Amanat Konstitusi dan Jaminan Hak Pegawai
Keterlibatan ASN dalam Komcad bukanlah tanpa landasan. Program ini merupakan pengejawantahan dari Undang-Undang Nomor 23 Tahun 2019 tentang Pengelolaan Sumber Daya Nasional (PSDN) untuk Pertahanan Negara, di mana warga negara berhak dan wajib ikut serta dalam upaya pembelaan negara. Komcad dipersiapkan untuk dikerahkan melalui mobilisasi guna memperbesar dan memperkuat kekuatan dan kemampuan Komponen Utama, yakni TNI, saat negara dalam keadaan darurat militer atau perang.

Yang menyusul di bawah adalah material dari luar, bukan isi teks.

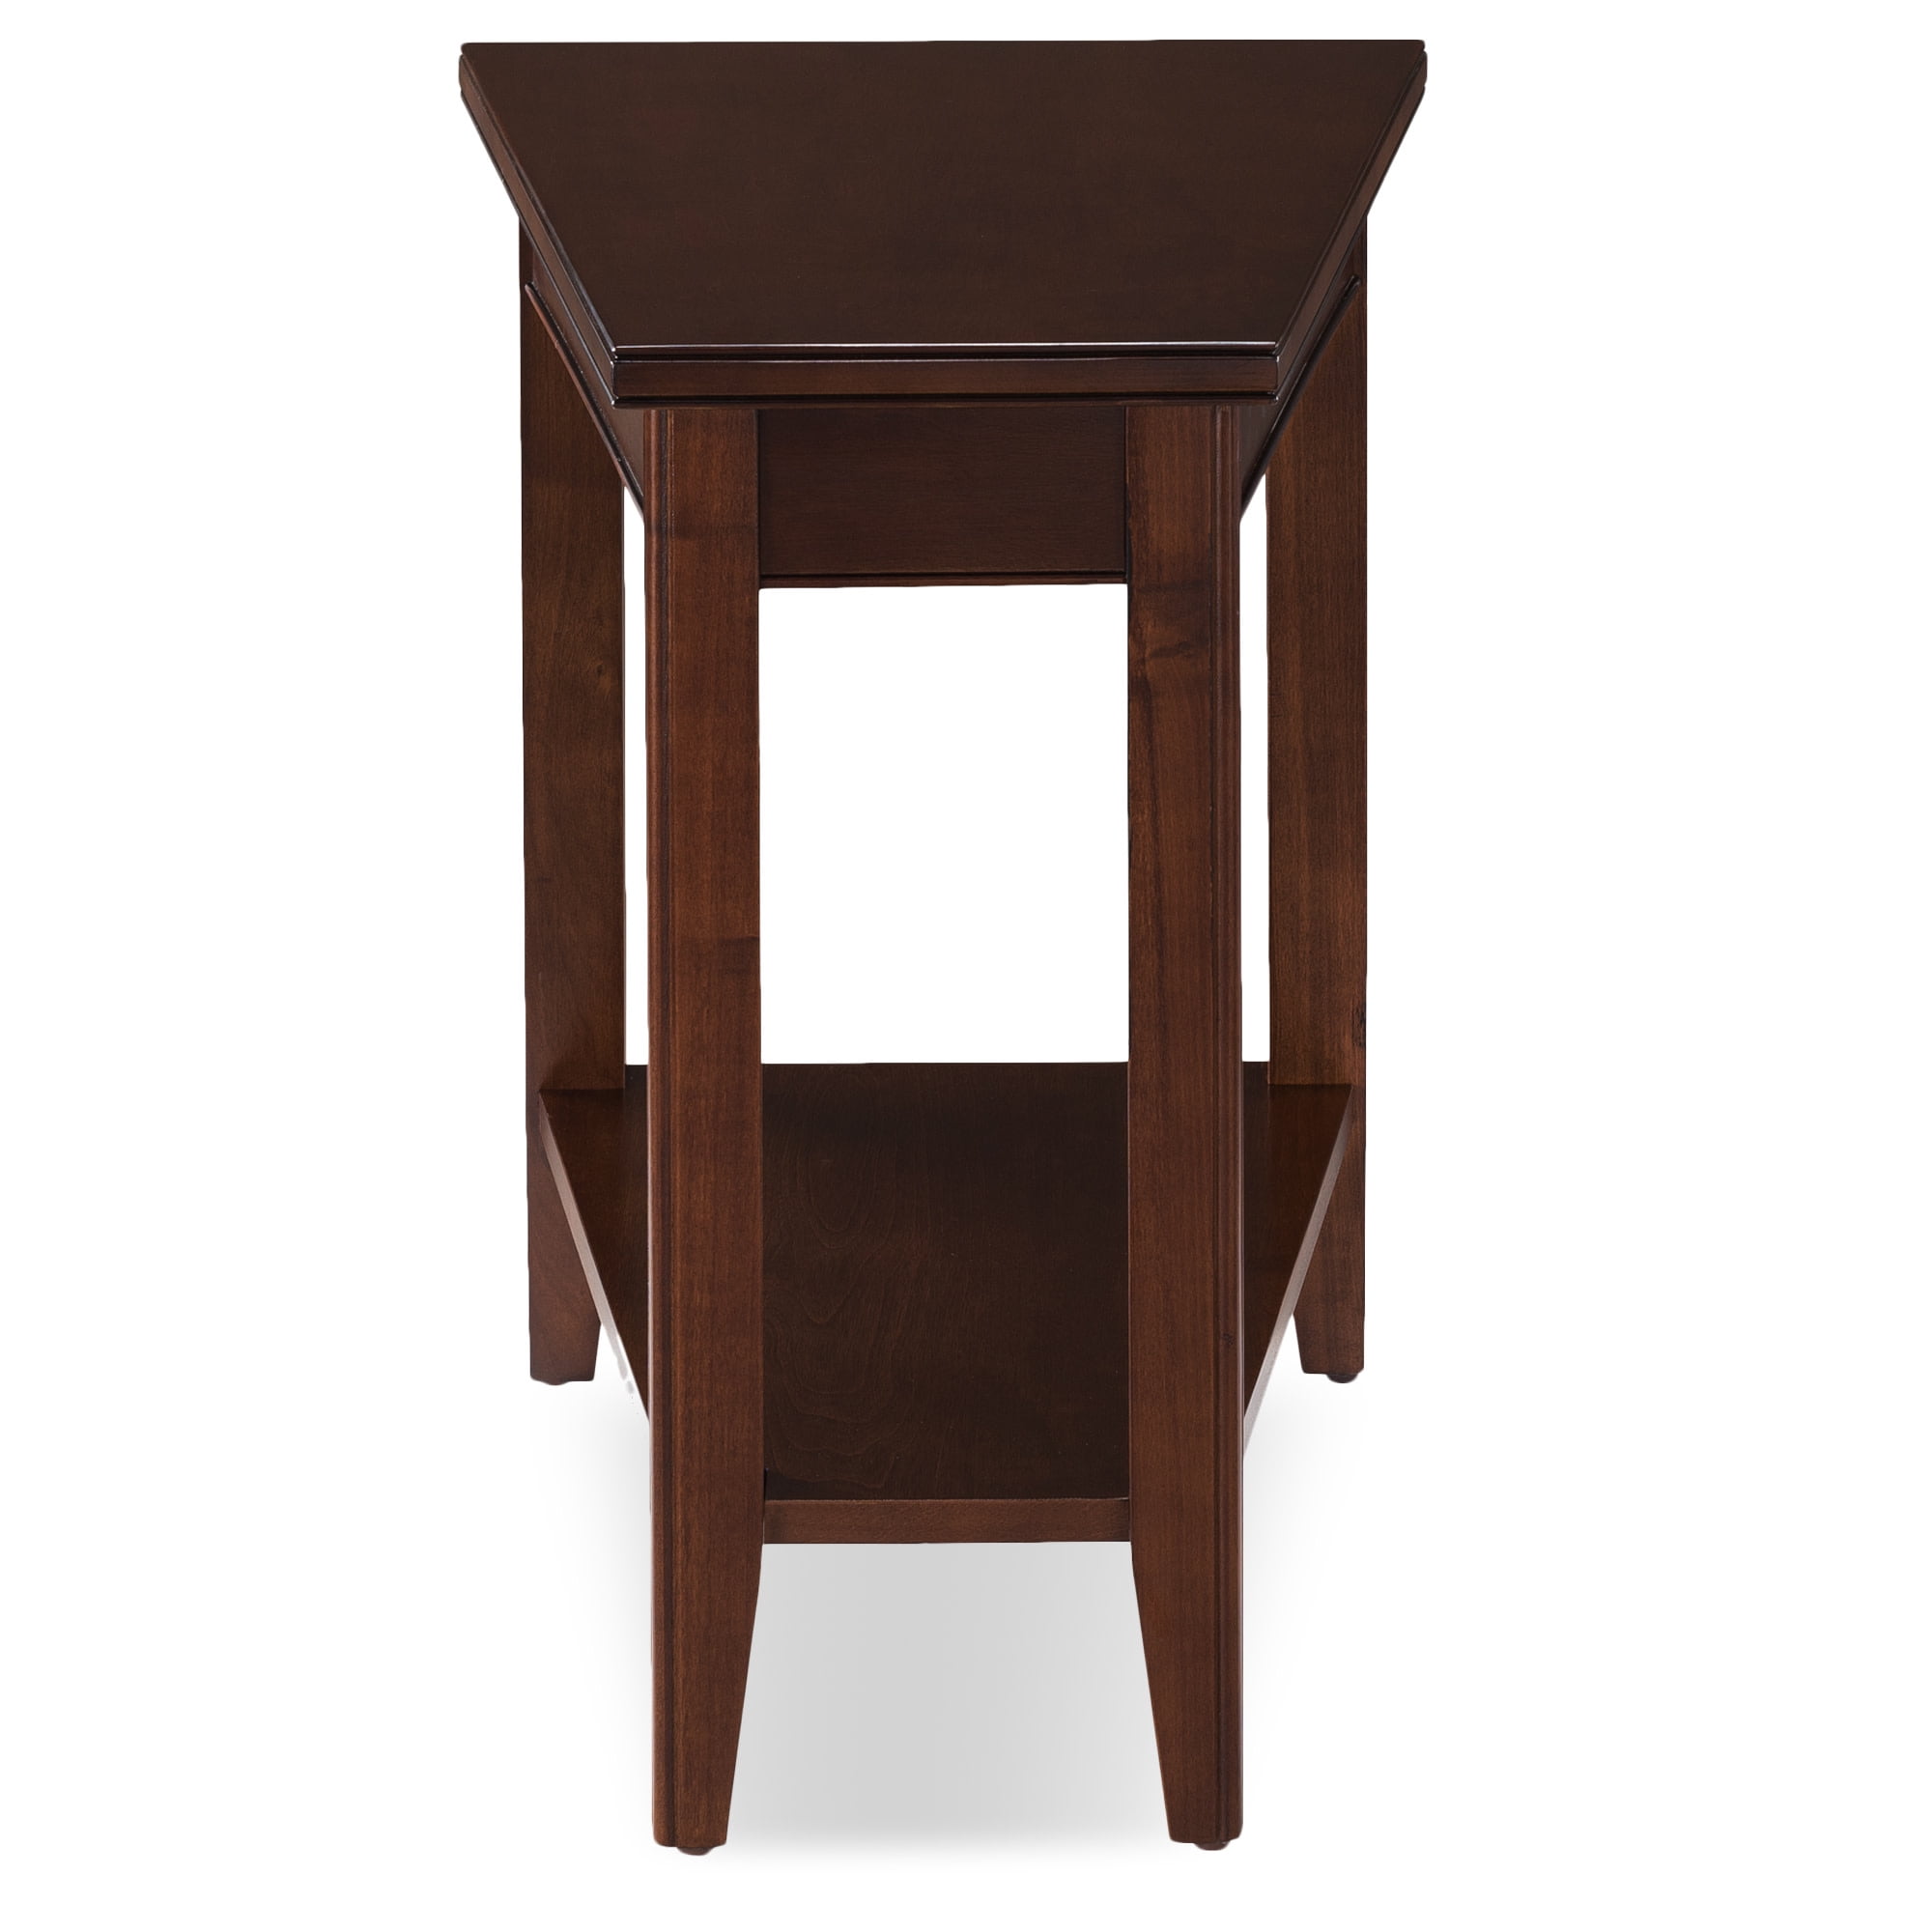 Design House Leick Home Laurent Recliner Wedge Table in Chocolate Cherry -  Walmart.com
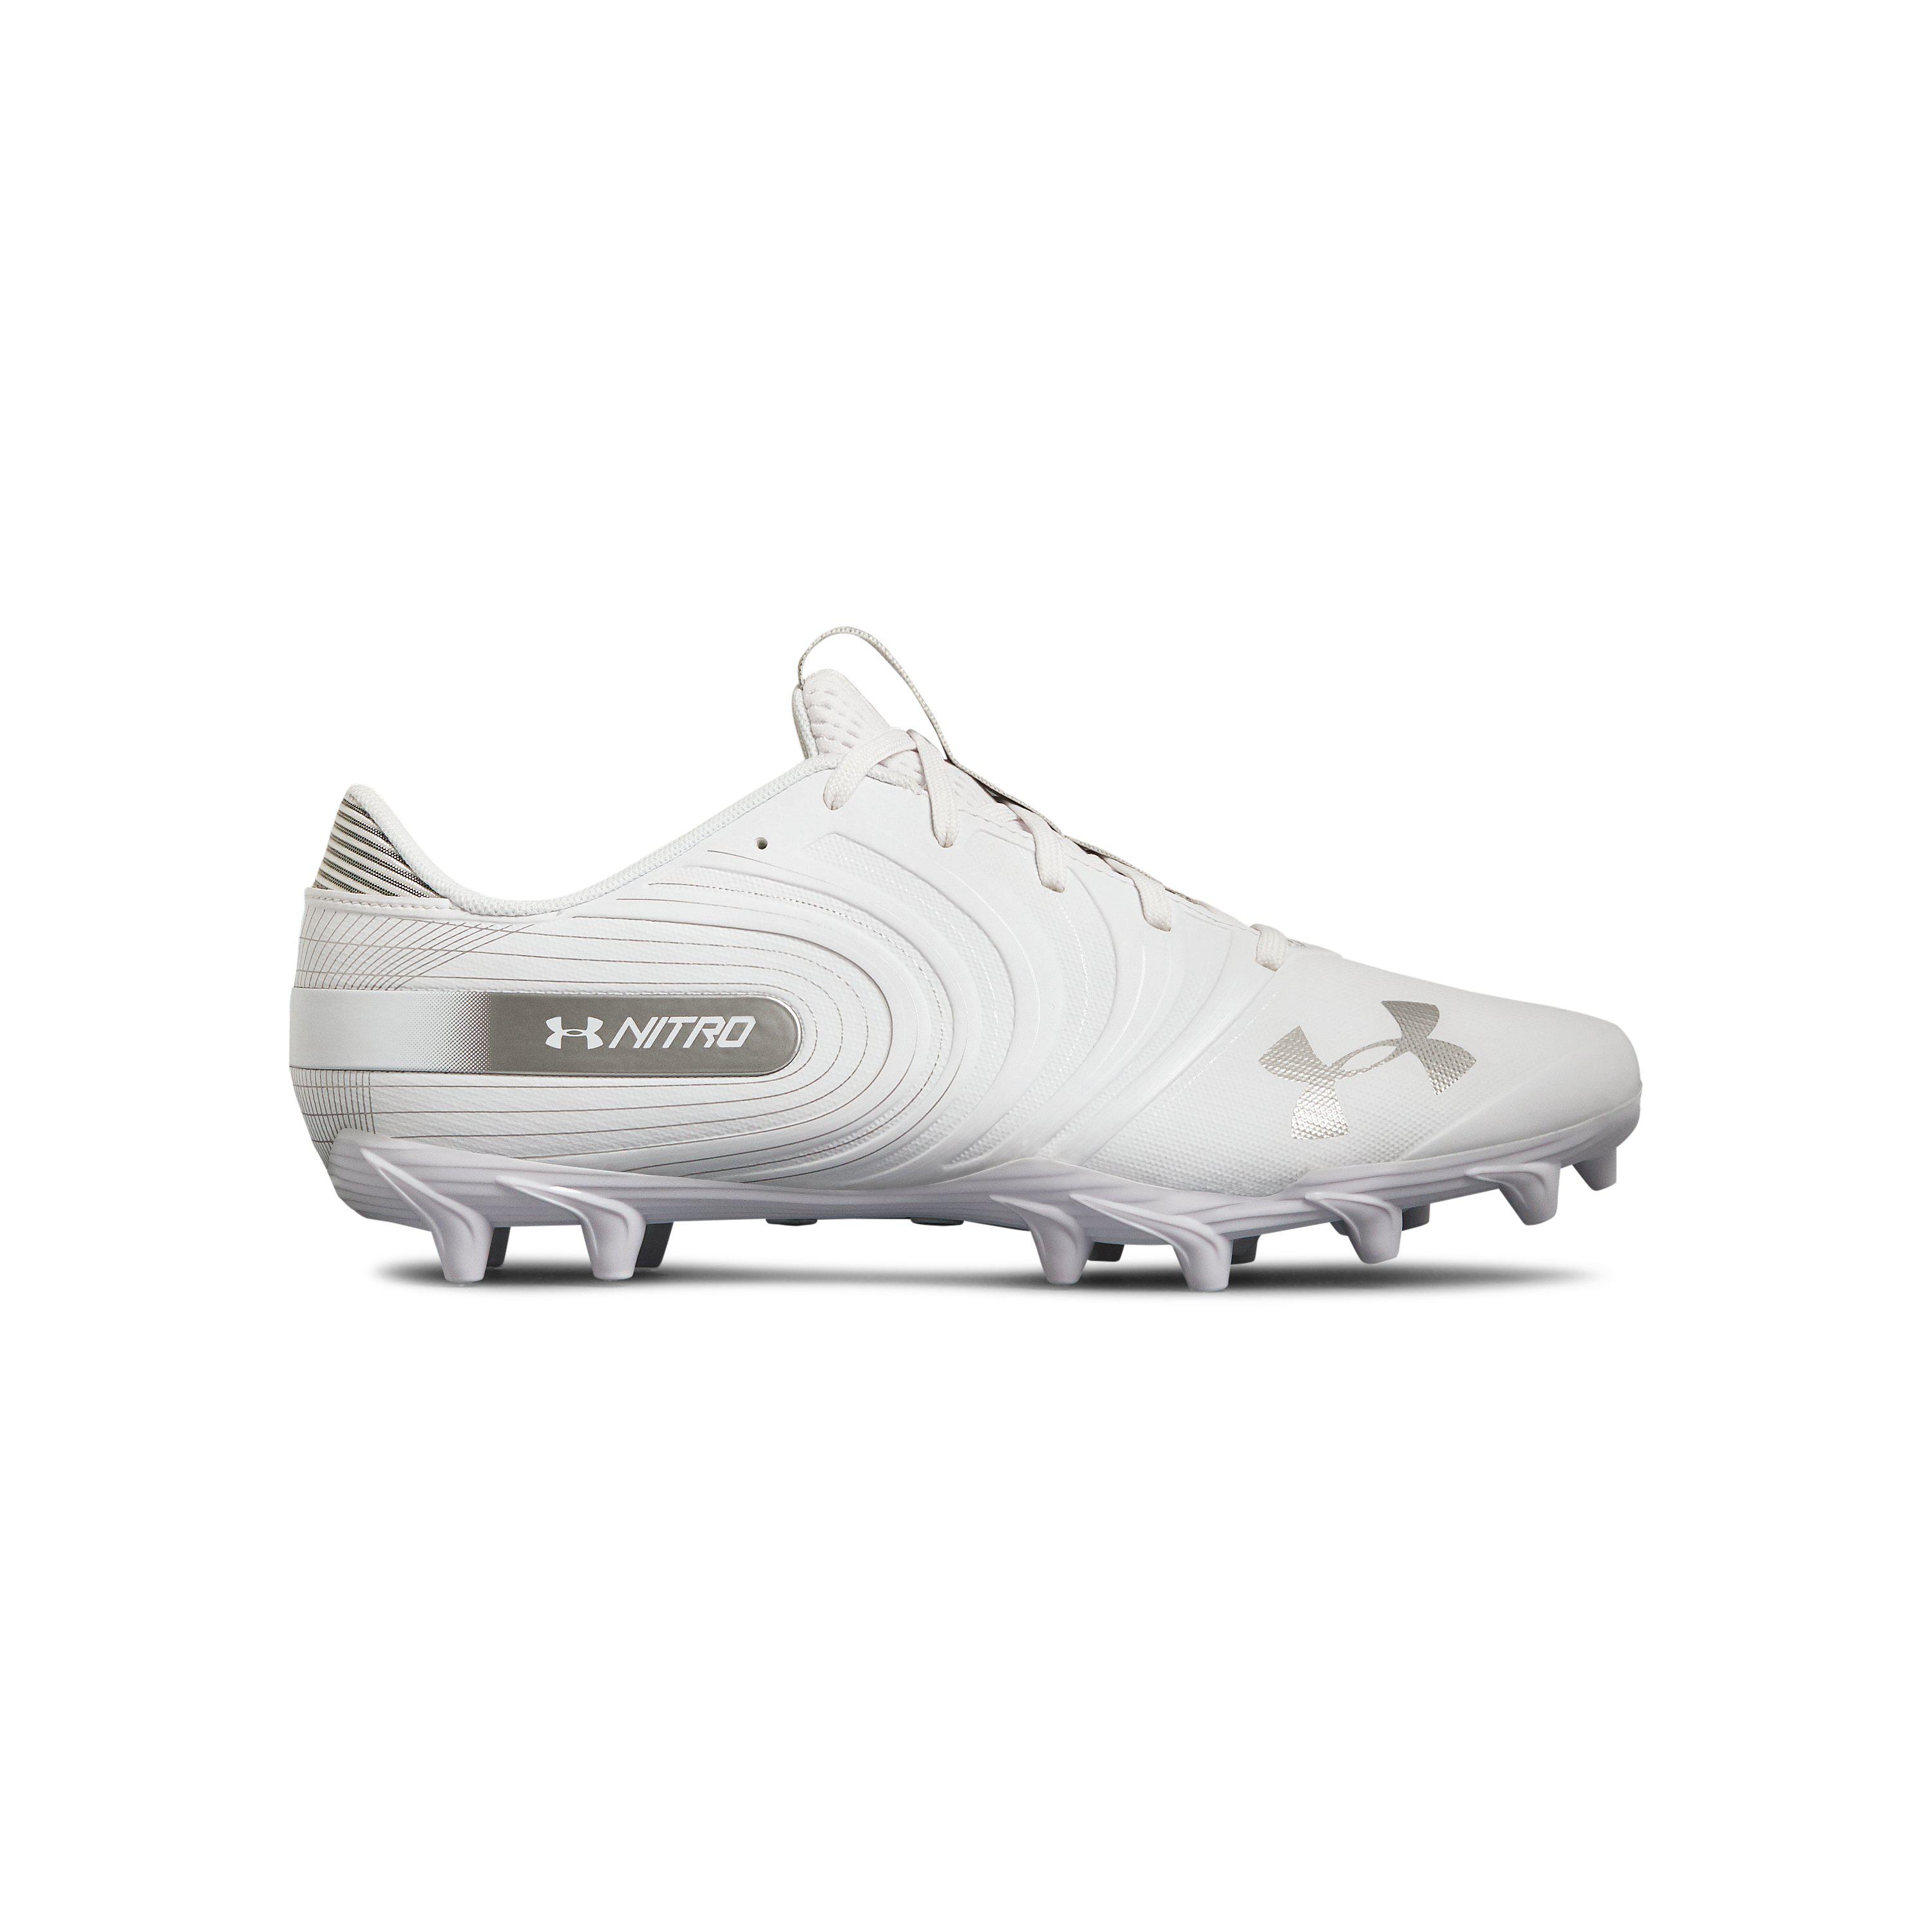 Details about   Under Armour Football Cleats Men's Nitro 3/4 Top White New 3000181-100

Khusus bagi para ASN, Kementerian Pendayagunaan Aparatur Negara dan Reformasi Birokrasi (KemenPAN-RB) telah memberikan payung hukum melalui Surat Edaran (SE) Menteri PANRB Nomor 27 Tahun 2021 tentang Peran Serta Pegawai ASN sebagai Komponen Cadangan.
Melalui surat edaran tersebut, pemerintah memberikan jaminan penuh terhadap status kepegawaian peserta. Selama 1,5 bulan menjalani masa Latsarmil, ASN tetap mendapatkan hak-hak kepegawaiannya secara utuh, termasuk gaji dan tunjangan kinerja. Selain itu, mereka dipastikan tidak akan kehilangan jabatan struktural maupun fungsional di instansi asalnya.
Langkah strategis pengerahan ASN sebagai Komcad ini tidak hanya bertujuan untuk mempertebal sistem pertahanan dan keamanan rakyat semesta (Sishankamrata), tetapi juga diyakini mampu mencetak birokrat yang memiliki tingkat kedisiplinan tinggi, fisik yang tangguh, serta wawasan kebangsaan yang kokoh saat kembali memberikan pelayanan publik.